RESULTS: Based on BMI and WC, the sperm count, total motility and progressive sperm were significantly lower in overweight and obese infertile males compared to that in normal weight infertile males and those with WC<102 cm. In addition, the fraction of sperm with abnormal morphology was significantly higher in infertile men with WC>102 cm compared to that in those with WC<102 cm. Moreover serum levels of LH, FSH, and leptin were significantly higher in overweight and obese infertile males compared to that in normal weight infertile males and those with WC<102 cm. Moreover serum level of E2 was significantly higher in obese infertile males compared to the normal weight infertile males and in those with WC>102 cm compared to the WC<102 cm. Furthermore, serum level of T was significantly lower in obese infertile males compared to the overweight infertile males and in those with WC>102 cm compared to the WC<102 cm. The mean of T/E2 ratio also was significantly lower in obese infertile males vs overweight and normal weight infertile males and in those with WC>102 cm compared to the WC<102 cm.
CONCLUSION: We concluded that overweight and obesity in infertile men compared to those with normal weight may worsen the infertility situation.

Introduction

Obesity, as a major health problem, has reached epidemic extents worldwide. According to the WHO reports, nearly 650 million people were obese and more than 1.9 billion were overweight in 2016 worldwide.1 In addition to other medical conditions such as cardiovascular diseases, diabetes, osteoarthritis, and liver diseases, obesity has been shown to be associated with adult male infertility.2,3 In this regard, various studies have found that obesity is also associated with low sperm quality.4–8 A recent systematic review with meta-analysis confirmed the relationship between BMI and sperm quality and suggested that obesity may be a harmful factor for male fertility.9 Also, the precise underlying mechanism by which excessive body fat reduced fertility capacity in men is still unknown. It was reported that obesity can affect the GnRH-FSH/LH pulse; impair the functions of Sertoli and Leydig cells; and thereby affect the release of sex hormones, sperm production, and maturation.10,11 Serum testosterone, gonadotropin, and sex hormone-binding globulin (SHBG) are also reported to decrease along with increasing body mass index (BMI), whereas estradiol increased with increasing BMI.12 So, these endocrine dysregulations in obese males may be associated with an increased risk of alterations in semen quality.13 On the other hand, there are numerous studies that reported contrary results in this regard.3,14-17 In a meta-analysis by MacDonald et al (2009), considering very strict inclusion and exclusion criteria, similarly there was no evidence obtained regarding the association between BMI and sperm concentration or total sperm count.12 The same results were also reported in Sermondade et al meta-analysis.5 Therefore, the available evidence on the role of obesity and BMI in male infertility is controversial. So, there is a need for improving our understanding on the underlying mechanisms, and finding appropriate interventions.

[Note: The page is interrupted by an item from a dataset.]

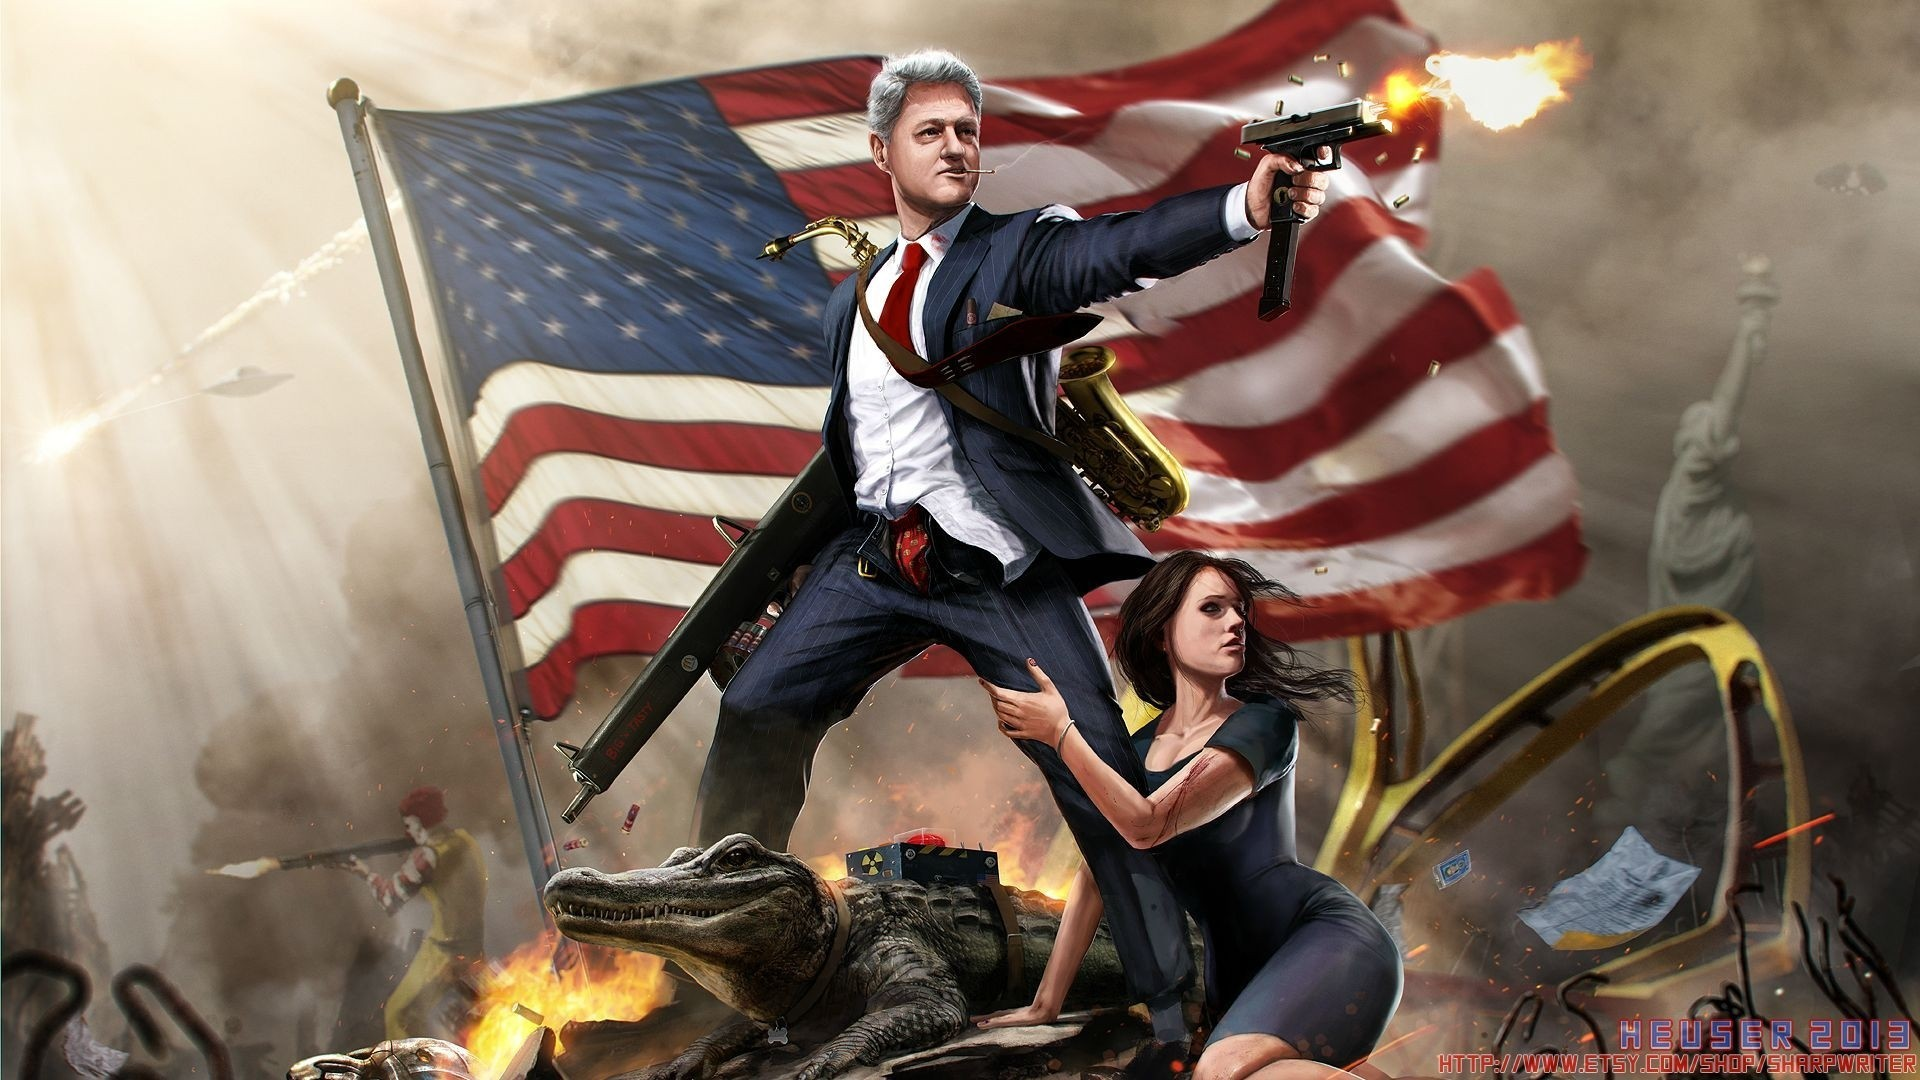 My favorite president wallpapers

In this study, we explored the correlations between BMI and WC and various semen parameters (semen volume, and sperm count, motility, and morphology) and sex hormones in Iranian men with infertility.

Materials and Methods

This cross-sectional study was conducted on 119 infertile men who met the inclusion criteria. The sample size was determined with 95% confidence interval and 80% power based on the correlation coefficient (r = 0.26) between the variables of WC and total sperm count in Fejes et al's study18 according to the following formula: N = [(Zα+Zβ)/C]2 + 3. The standard normal deviate for α = Zα = 1.9600. The standard normal deviate for β = Zβ = 0.8416 and C = 0.5 * ln [(1+r)/(1-r)] = 0.1820.

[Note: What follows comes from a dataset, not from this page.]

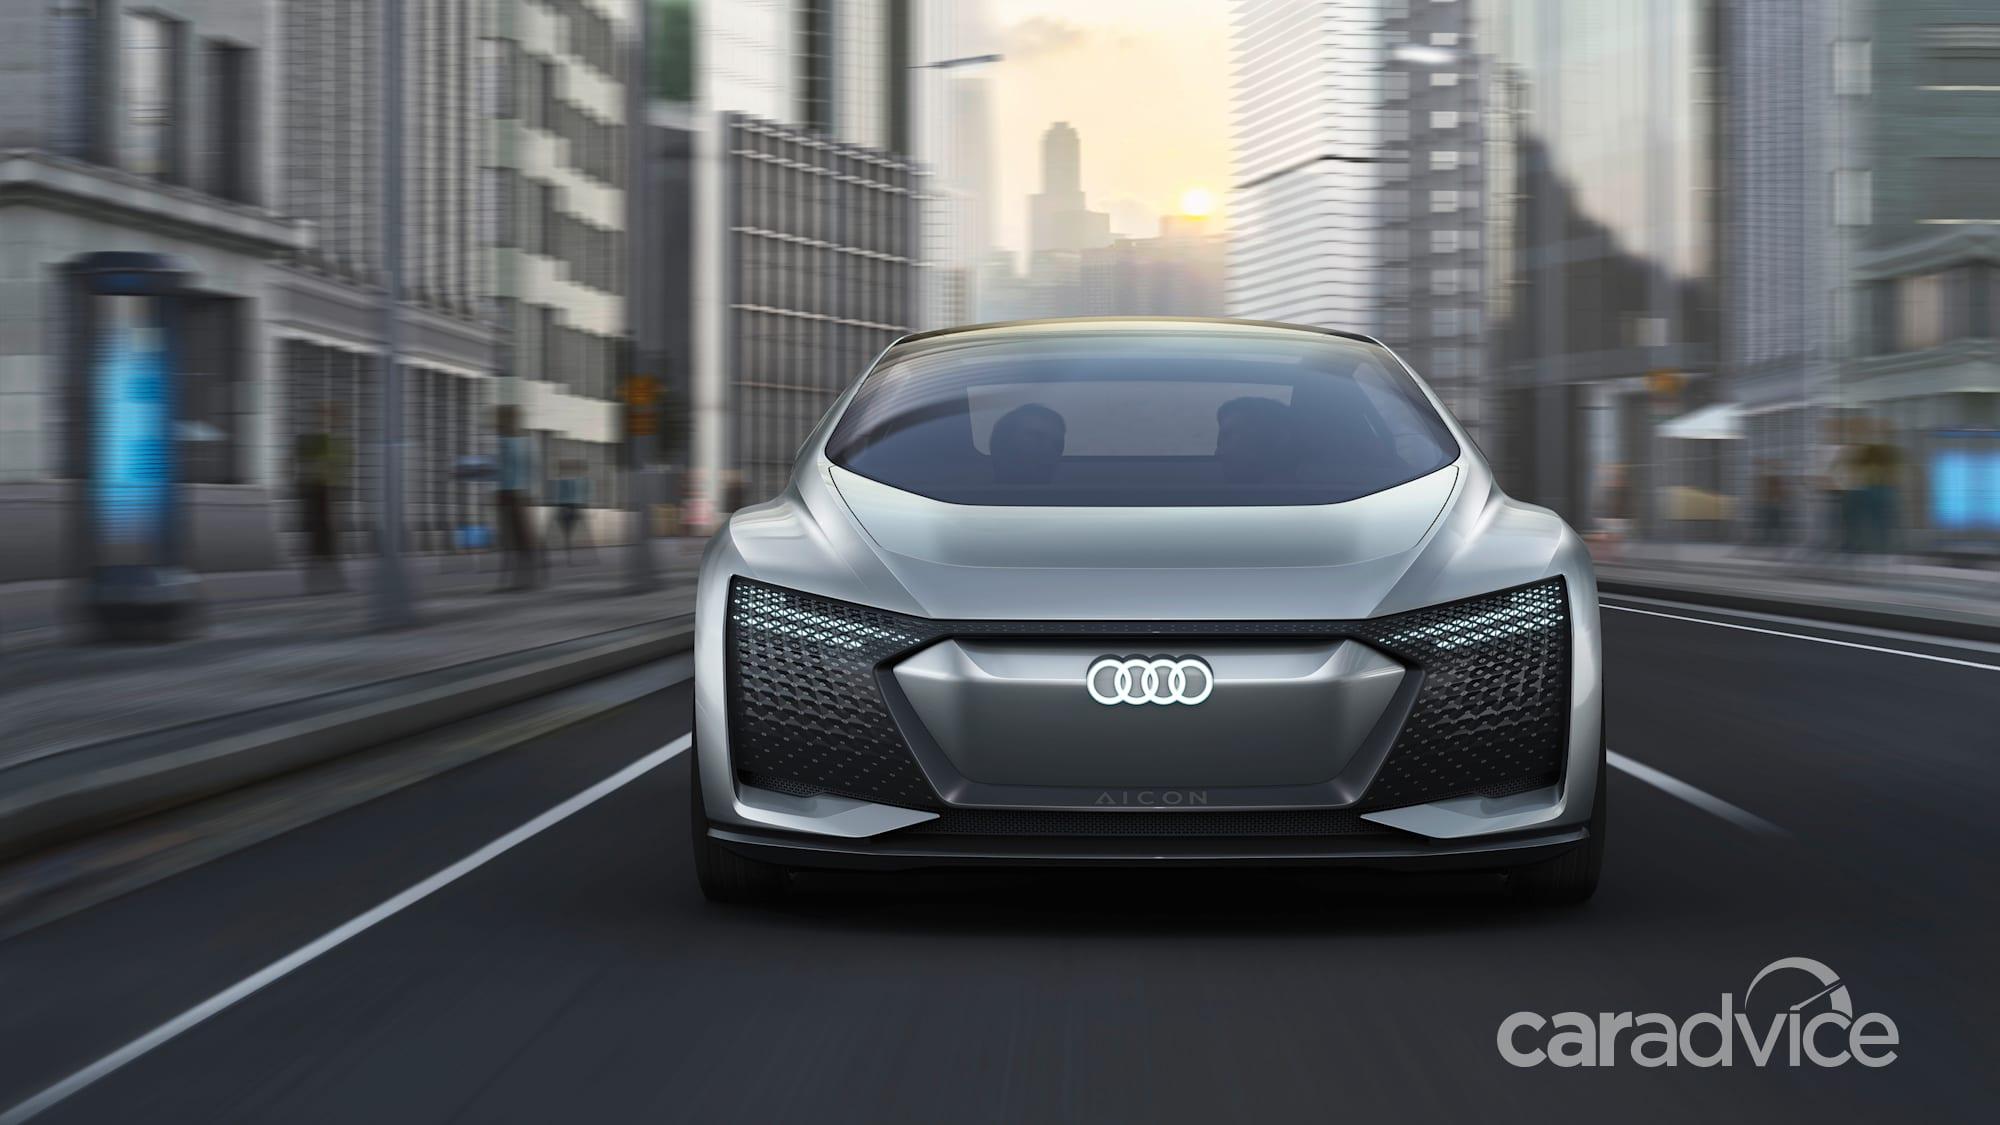 audi elaine and aicon: level 4 and 5 autonomous vehicles

Therefore, this study was performed on 119 patients who were recruited from fertility clinics between September 2018 and May 2019. The inclusion criterion was a history of infertility for at least 1 year despite regular unprotected intercourse. The exclusion criteria comprised of having definitive pathological conditions capable of affecting sperm quality such as diabetes, chronic kidney disease, and atherosclerosis; hypogonadism requiring medical treatment; genital infection; seminal tract obstruction; scrotal varicocele; and testicular cancer. Alcoholics, drug abusers, and those who received drugs affecting semen parameters or sexual hormone levels were also excluded from this study. All the subjects were provided with written informed consent and signed a standardized consent form. The Medical Ethics Committee of Ahvaz Jundishapur University of Medical Sciences approved this research (approval no.: IR.AJUMS.REC.1398.038), and it is in accordance with the Declaration of Helsinki.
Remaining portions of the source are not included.